··· DATA LISTING ···
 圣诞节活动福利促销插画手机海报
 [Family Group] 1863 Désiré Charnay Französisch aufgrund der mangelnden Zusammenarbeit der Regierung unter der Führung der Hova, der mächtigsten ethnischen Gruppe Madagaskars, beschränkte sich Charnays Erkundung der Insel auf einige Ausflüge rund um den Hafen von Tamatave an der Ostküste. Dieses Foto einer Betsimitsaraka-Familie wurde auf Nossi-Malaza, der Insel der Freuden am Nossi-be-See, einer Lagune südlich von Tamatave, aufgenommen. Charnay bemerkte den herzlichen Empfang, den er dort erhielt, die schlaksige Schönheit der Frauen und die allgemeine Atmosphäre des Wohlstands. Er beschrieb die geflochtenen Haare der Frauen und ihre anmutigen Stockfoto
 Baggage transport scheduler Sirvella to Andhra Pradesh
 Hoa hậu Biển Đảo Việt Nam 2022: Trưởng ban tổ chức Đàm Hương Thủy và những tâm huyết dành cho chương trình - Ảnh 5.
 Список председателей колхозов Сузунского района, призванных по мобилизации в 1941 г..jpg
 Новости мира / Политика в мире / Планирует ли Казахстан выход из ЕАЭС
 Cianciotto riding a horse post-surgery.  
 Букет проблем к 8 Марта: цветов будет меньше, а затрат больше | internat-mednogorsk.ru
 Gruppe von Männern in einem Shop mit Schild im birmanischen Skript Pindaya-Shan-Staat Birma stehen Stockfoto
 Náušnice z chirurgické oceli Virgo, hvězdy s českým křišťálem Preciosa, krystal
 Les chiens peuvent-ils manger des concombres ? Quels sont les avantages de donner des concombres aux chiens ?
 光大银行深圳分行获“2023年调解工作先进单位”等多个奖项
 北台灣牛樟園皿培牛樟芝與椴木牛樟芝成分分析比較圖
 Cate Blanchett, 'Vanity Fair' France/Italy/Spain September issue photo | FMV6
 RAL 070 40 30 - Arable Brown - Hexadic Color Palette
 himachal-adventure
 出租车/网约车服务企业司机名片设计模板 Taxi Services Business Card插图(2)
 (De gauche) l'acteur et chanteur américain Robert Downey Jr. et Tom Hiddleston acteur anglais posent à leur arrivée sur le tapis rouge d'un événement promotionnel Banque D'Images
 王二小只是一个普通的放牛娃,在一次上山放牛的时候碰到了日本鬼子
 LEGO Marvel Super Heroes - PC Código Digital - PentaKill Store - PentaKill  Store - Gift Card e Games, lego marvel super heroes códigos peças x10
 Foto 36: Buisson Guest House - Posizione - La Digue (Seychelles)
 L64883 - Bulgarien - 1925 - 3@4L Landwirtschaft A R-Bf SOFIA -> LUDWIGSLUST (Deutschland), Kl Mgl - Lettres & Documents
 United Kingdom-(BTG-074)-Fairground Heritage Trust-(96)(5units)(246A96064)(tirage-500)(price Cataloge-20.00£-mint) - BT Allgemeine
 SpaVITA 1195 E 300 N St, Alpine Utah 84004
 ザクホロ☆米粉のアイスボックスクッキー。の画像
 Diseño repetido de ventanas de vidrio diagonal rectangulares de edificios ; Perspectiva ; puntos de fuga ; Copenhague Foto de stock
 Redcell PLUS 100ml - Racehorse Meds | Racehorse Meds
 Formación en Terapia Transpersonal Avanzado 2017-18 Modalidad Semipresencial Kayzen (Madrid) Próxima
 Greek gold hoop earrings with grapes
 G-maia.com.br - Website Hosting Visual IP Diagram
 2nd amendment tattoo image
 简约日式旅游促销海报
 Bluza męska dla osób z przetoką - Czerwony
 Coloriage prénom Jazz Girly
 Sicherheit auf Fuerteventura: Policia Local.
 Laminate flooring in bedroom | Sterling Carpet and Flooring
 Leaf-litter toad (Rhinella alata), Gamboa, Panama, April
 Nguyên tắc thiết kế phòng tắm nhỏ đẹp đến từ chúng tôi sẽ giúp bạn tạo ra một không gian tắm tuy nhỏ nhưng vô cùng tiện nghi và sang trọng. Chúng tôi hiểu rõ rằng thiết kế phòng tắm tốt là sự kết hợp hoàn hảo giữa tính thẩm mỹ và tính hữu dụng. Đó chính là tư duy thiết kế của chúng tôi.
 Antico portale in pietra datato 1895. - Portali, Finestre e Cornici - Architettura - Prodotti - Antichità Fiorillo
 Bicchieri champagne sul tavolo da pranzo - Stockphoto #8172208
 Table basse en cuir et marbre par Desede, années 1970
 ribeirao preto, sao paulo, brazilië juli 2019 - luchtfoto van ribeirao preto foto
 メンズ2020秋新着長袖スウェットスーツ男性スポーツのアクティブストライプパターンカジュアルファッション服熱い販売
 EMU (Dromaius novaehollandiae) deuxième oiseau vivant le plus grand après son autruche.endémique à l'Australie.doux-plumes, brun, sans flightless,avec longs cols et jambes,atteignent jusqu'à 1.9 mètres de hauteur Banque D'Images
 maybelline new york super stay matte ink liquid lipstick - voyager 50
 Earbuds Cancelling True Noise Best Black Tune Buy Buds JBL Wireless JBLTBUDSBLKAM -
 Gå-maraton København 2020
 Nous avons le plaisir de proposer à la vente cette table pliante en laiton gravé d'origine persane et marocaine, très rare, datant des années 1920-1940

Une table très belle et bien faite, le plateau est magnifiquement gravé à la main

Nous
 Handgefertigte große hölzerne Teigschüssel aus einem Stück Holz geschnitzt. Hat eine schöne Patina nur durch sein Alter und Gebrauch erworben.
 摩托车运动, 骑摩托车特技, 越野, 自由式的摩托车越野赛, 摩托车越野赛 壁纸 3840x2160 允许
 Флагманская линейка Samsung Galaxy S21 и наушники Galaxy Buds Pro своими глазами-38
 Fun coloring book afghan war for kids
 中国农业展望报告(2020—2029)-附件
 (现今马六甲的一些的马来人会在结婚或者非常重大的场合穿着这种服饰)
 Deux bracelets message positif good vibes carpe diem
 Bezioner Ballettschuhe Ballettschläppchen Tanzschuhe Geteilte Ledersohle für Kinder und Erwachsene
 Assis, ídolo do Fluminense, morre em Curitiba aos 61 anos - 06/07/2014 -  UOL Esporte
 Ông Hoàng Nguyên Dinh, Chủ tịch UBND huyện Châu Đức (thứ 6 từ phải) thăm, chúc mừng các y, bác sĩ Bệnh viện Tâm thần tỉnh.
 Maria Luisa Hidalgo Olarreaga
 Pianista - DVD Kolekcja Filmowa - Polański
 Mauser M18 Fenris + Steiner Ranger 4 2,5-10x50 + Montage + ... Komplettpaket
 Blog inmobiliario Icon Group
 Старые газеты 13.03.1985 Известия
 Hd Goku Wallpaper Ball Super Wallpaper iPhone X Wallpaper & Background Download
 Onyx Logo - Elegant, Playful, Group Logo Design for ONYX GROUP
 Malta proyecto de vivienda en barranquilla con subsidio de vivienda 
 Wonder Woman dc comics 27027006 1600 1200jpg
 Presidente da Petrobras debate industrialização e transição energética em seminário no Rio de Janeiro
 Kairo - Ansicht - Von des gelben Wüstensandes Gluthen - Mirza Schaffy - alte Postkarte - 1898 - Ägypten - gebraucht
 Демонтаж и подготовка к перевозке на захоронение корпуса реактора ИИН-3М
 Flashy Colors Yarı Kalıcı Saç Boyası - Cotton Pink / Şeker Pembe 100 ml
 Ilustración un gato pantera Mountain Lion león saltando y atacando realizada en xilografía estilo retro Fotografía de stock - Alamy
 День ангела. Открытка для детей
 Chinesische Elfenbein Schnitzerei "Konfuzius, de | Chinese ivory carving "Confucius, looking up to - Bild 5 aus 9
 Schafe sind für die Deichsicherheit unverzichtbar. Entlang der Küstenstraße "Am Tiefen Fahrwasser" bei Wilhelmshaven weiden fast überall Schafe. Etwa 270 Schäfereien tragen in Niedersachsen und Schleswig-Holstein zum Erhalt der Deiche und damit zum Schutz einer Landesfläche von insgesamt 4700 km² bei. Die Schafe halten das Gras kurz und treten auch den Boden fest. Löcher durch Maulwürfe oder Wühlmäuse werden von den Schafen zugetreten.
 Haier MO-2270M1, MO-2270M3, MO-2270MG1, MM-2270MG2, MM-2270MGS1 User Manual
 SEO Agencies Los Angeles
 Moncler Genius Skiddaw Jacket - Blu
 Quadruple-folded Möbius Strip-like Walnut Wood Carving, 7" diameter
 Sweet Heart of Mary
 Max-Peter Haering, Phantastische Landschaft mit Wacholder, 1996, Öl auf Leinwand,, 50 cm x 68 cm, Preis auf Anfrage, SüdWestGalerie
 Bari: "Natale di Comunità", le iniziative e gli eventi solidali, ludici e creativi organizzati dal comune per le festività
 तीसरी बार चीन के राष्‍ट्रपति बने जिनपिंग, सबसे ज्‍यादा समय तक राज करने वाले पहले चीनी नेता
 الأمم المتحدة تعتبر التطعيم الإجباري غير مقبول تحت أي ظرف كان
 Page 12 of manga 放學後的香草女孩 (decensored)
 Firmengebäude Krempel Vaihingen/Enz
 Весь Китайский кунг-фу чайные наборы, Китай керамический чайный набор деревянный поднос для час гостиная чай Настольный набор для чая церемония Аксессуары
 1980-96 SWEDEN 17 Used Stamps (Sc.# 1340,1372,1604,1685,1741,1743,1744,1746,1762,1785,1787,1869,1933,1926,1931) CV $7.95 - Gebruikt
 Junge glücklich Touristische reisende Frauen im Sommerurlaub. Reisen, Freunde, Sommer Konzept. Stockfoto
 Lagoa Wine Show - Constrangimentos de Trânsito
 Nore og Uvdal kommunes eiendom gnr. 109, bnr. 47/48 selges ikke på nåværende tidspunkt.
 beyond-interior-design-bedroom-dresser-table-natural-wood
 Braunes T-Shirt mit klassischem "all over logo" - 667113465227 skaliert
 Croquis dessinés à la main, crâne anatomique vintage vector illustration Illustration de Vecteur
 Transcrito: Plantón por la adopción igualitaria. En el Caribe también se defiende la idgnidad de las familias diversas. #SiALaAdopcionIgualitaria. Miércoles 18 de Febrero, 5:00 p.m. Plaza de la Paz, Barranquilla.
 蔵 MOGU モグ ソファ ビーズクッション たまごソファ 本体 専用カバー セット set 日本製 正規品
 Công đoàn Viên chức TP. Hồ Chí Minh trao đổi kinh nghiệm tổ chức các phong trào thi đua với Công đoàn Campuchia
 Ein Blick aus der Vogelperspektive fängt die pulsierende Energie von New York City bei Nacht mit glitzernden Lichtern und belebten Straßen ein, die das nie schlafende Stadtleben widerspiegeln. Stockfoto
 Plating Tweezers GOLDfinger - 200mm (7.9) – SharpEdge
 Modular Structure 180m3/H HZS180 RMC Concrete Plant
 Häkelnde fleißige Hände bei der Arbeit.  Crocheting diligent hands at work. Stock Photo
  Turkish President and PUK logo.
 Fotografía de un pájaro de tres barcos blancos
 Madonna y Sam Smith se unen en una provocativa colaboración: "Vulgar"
···
# ACTION ITEM
Retype the portion of the data above that starts on the line with "Plating Tweezers GOLDfinger" and finishes on the line with "Fotografía de un", including both of those lines.

# EXERCISE ANSWER
 Plating Tweezers GOLDfinger - 200mm (7.9) – SharpEdge
 Modular Structure 180m3/H HZS180 RMC Concrete Plant
 Häkelnde fleißige Hände bei der Arbeit.  Crocheting diligent hands at work. Stock Photo
  Turkish President and PUK logo.
 Fotografía de un pájaro de tres barcos blancos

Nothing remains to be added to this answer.